Action item:
For this listing, reproduce the line with "2022 LPL 春季赛到来，上海主场首场比赛 1 月 4 日 14:00 开票", the line with "Hail Caesar: Caesar's", and the lines between, exactly as they stand. Leave out pictures and all other lines.

Extracted data:
────────────────

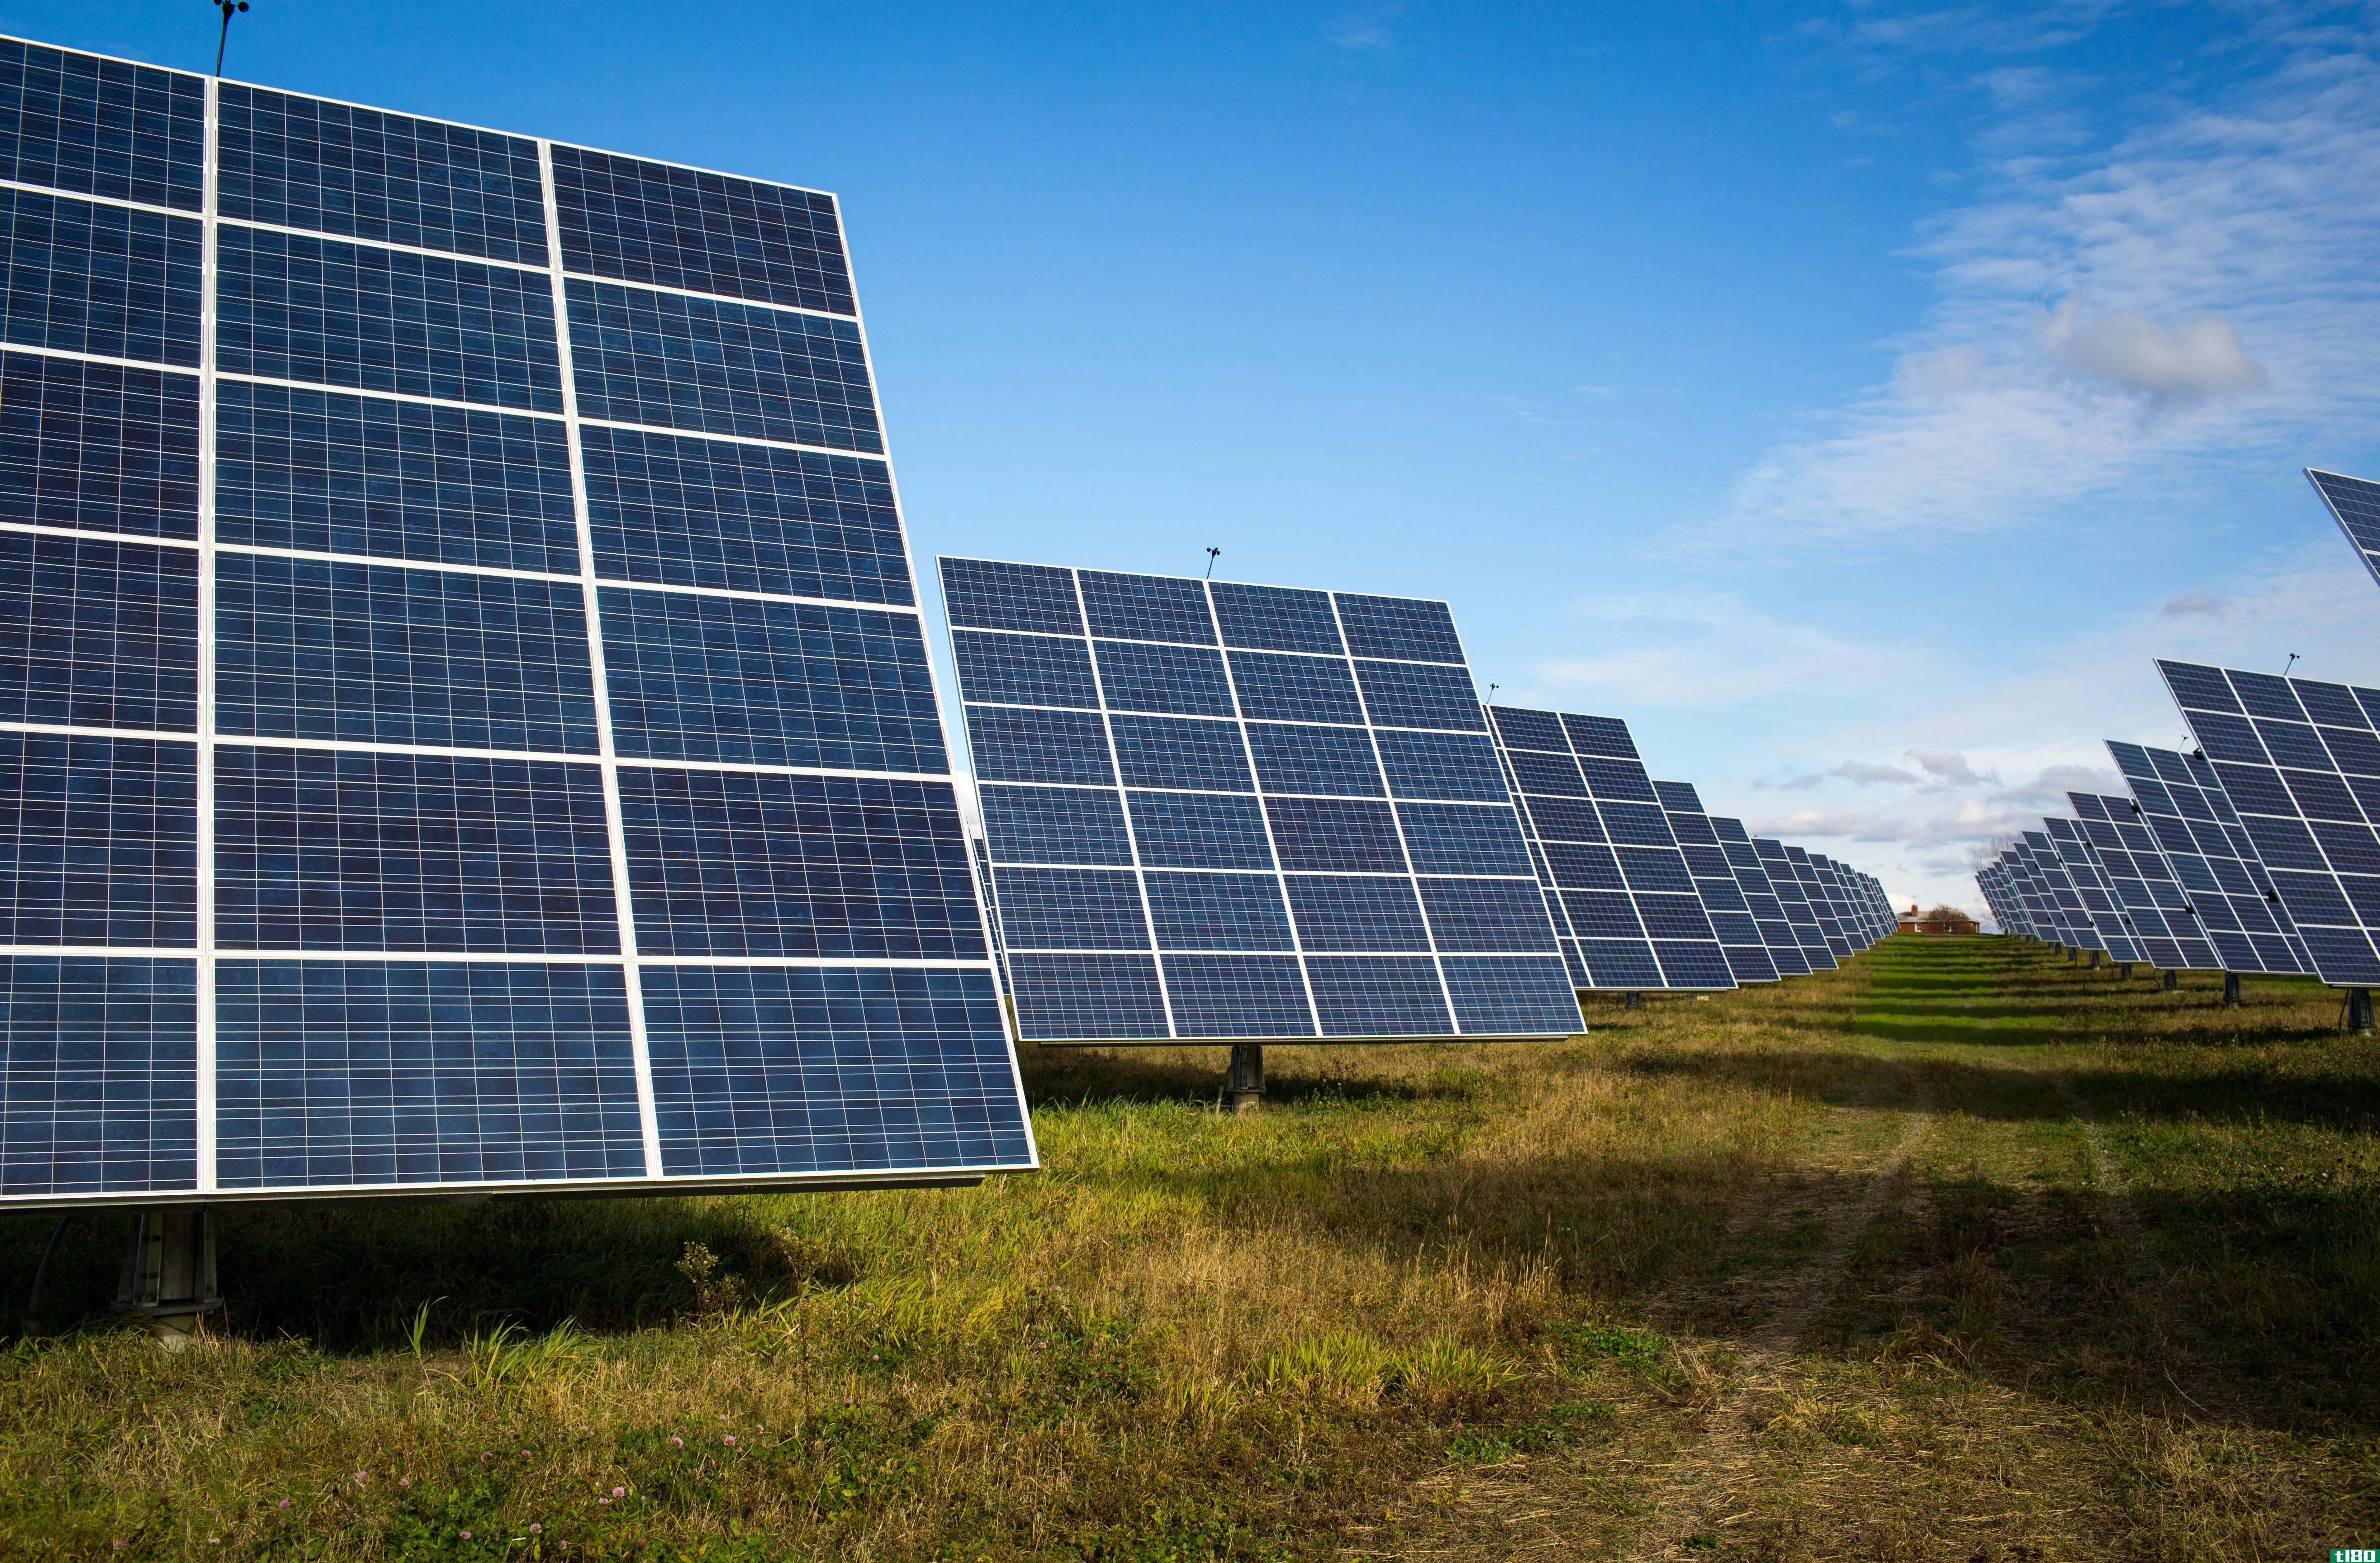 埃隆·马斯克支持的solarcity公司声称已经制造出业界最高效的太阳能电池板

────────────────

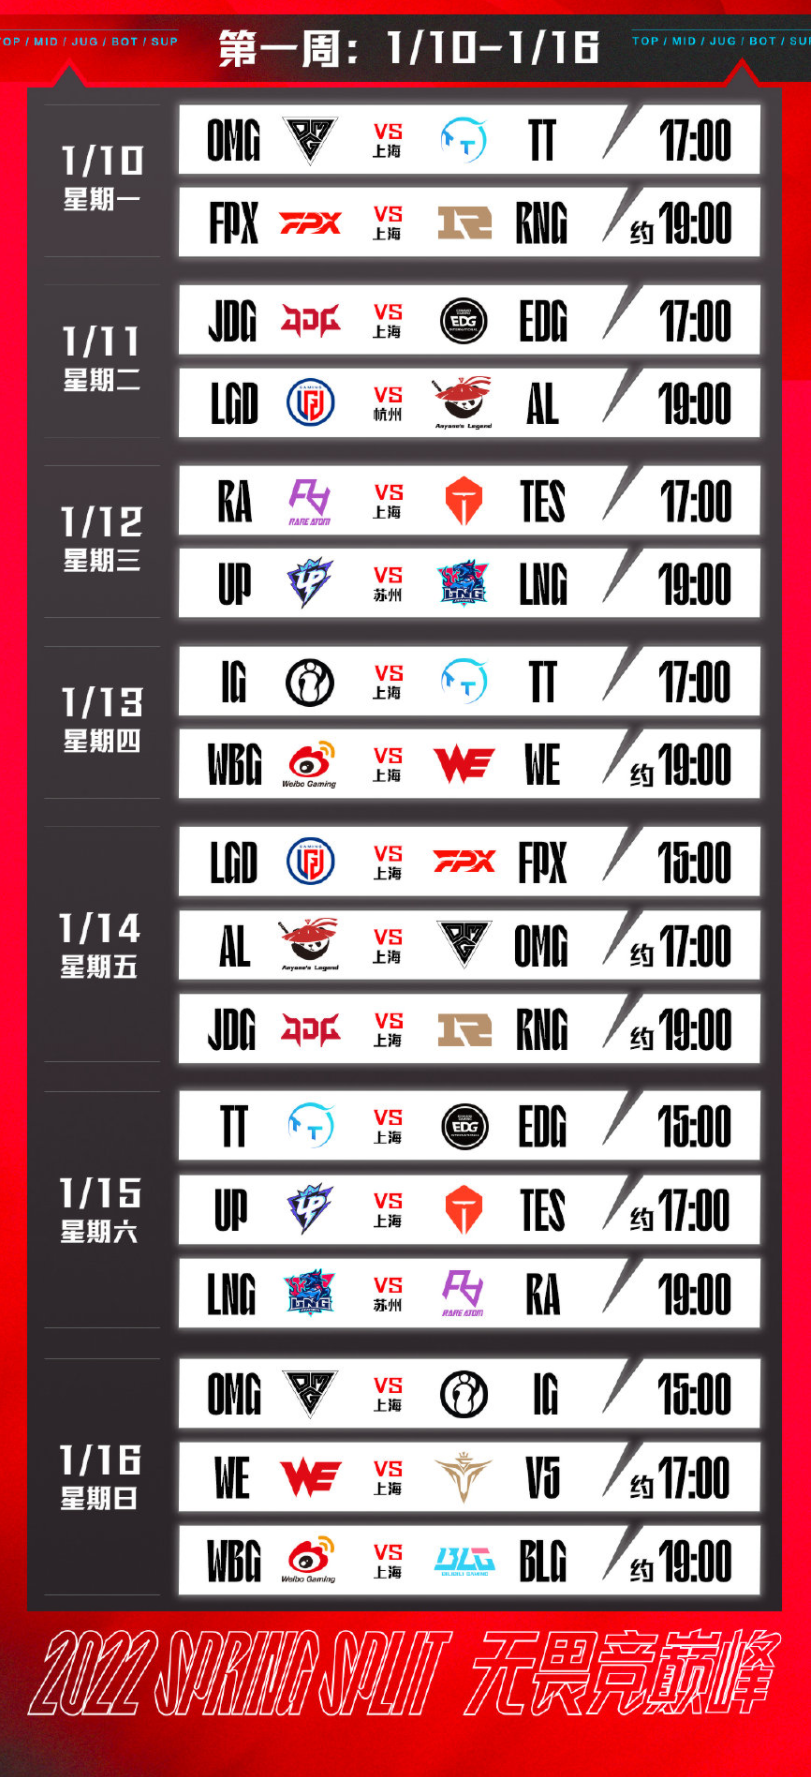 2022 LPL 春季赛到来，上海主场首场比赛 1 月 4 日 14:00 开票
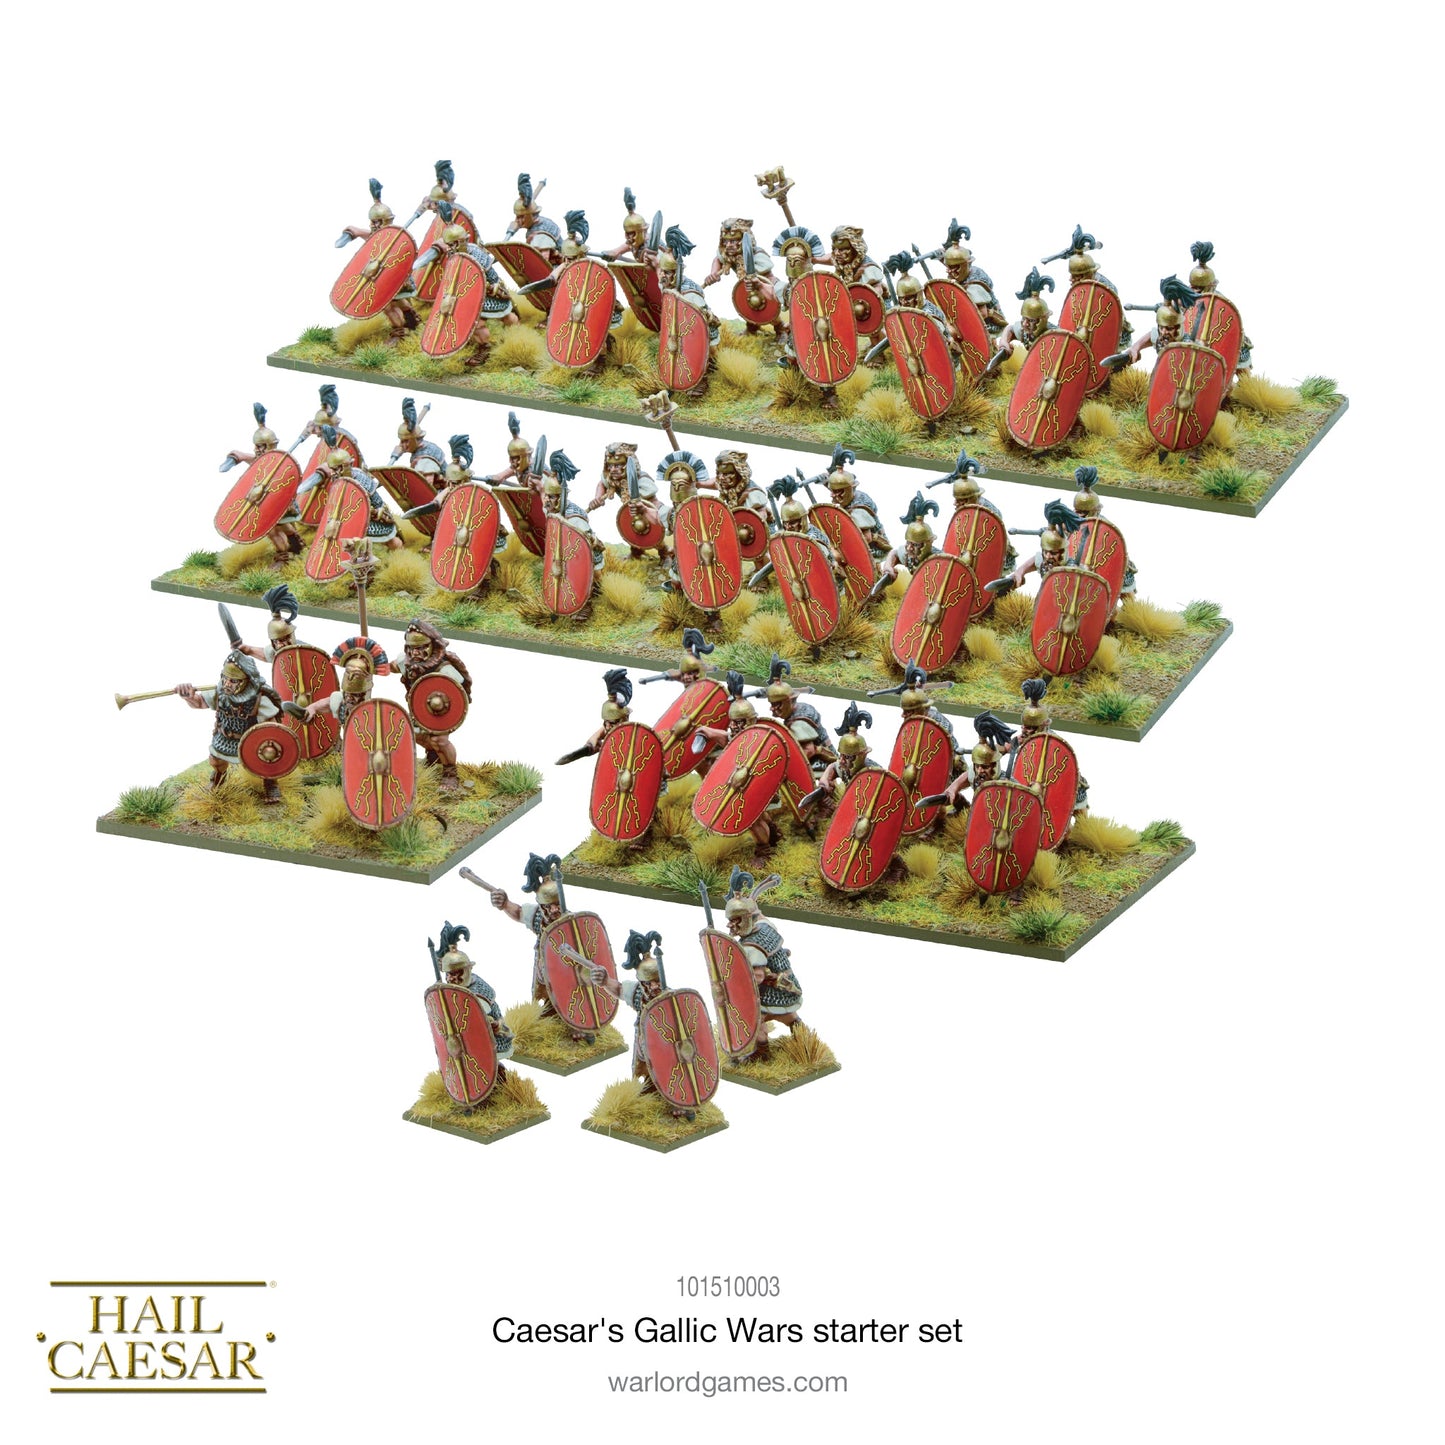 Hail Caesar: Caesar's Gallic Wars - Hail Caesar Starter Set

────────────────

Finished task:
 2022 LPL 春季赛到来，上海主场首场比赛 1 月 4 日 14:00 开票
 Hail Caesar: Caesar's Gallic Wars - Hail Caesar Starter Set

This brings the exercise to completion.